Häufig gestellte Fragen
Worum geht es in dieser Arbeit grundsätzlich?
Die Hausarbeit befasst sich mit der ethischen Bewertung von Pränataldiagnostik und Präimplantationsdiagnostik aus der Sicht einer islamischen Bioethik.
Was sind die zentralen Themenfelder?
Zentral sind der Umgang mit pränatalen Behinderungen, der Zeitpunkt der Beseelung, die Selektion von Embryonen sowie die Rolle des göttlichen Willens bei medizinischen Eingriffen.
Was ist das primäre Ziel oder die Forschungsfrage?
Das Ziel ist es zu untersuchen, ob PND und PID mit den islamischen Prinzipien vereinbar sind und wie islamische Rechtsgelehrte diese Fortschritte bewerten.
Welche wissenschaftliche Methode wird verwendet?
Es handelt sich um eine Literaturanalyse, in der aktuelle medizinische Definitionen mit klassischen und modernen islamischen Quellen sowie Rechtsgutachten (Fatwas) in Beziehung gesetzt werden.
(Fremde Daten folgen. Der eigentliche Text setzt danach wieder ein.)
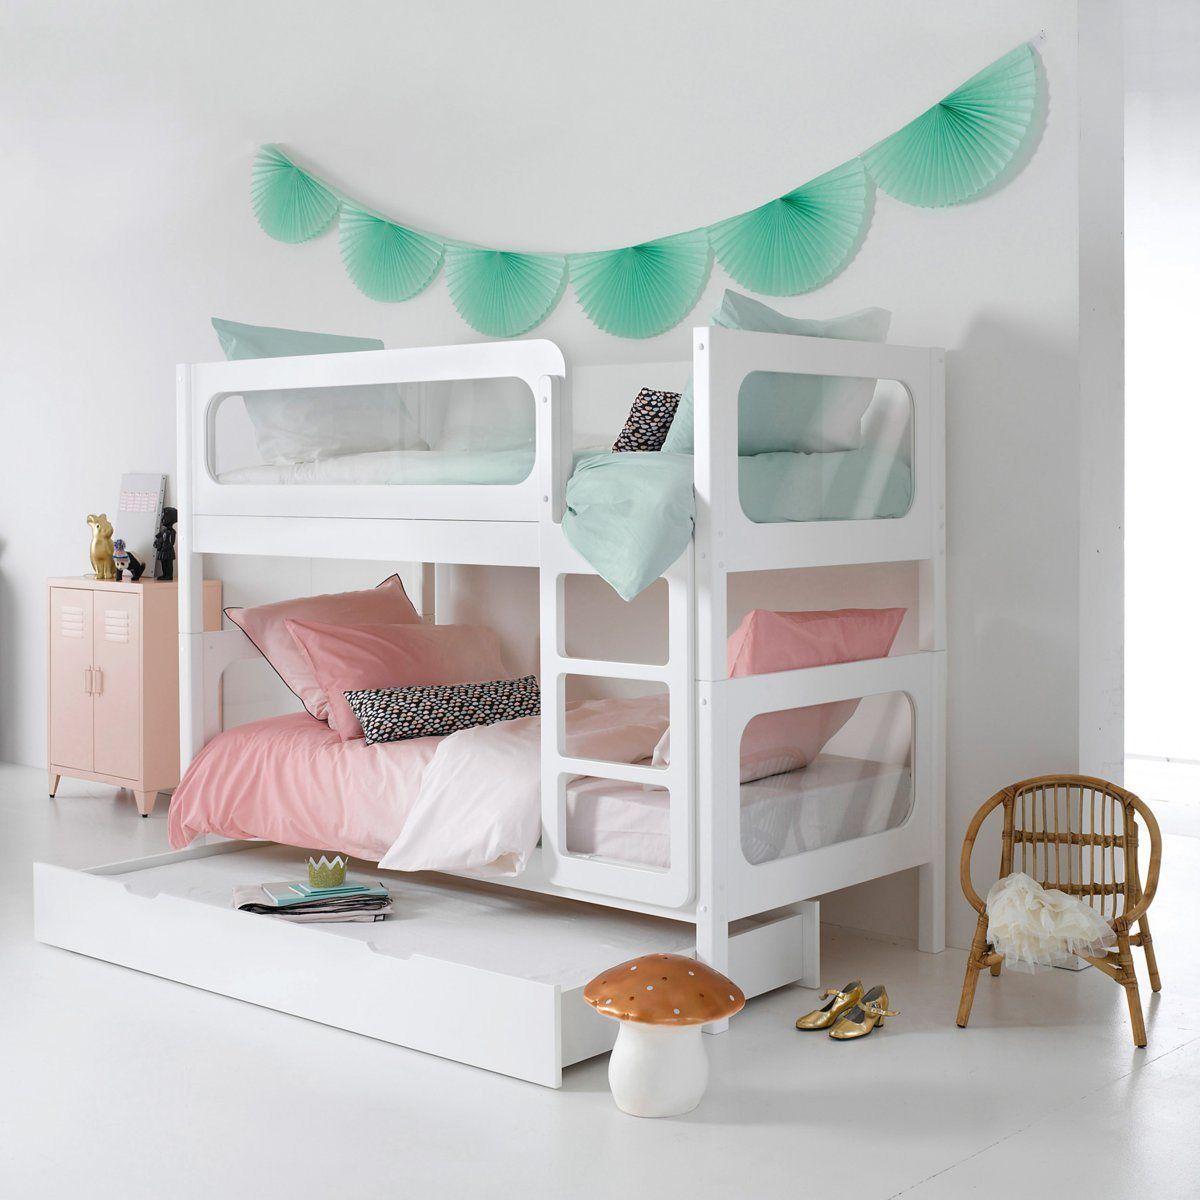 lits superpos s pilha am pm la redoute kids. Black Bedroom Furniture Sets. Home Design Ideas

Was wird im Hauptteil behandelt?
Der Hauptteil gliedert sich in die Definition der Verfahren, die islamrechtliche Diskussion zu Schwangerschaftsabbrüchen nach Diagnosen, die Analyse der PID sowie spezifische Fallbeispiele zur Geschlechtsselektion.
Welche Schlüsselwörter charakterisieren die Arbeit?
Die wichtigsten Begriffe sind Islamische Bioethik, PND, PID, Beseelung, Schwangerschaftsabbruch, Ijtihad und Gentechnologie.
Welche Rolle spielt der 120. Tag der Schwangerschaft?
Nach Ansicht vieler islamischer Gelehrter findet zu diesem Zeitpunkt die Beseelung des Embryos statt, was die rechtliche Bewertung von Schwangerschaftsabbrüchen maßgeblich beeinflusst.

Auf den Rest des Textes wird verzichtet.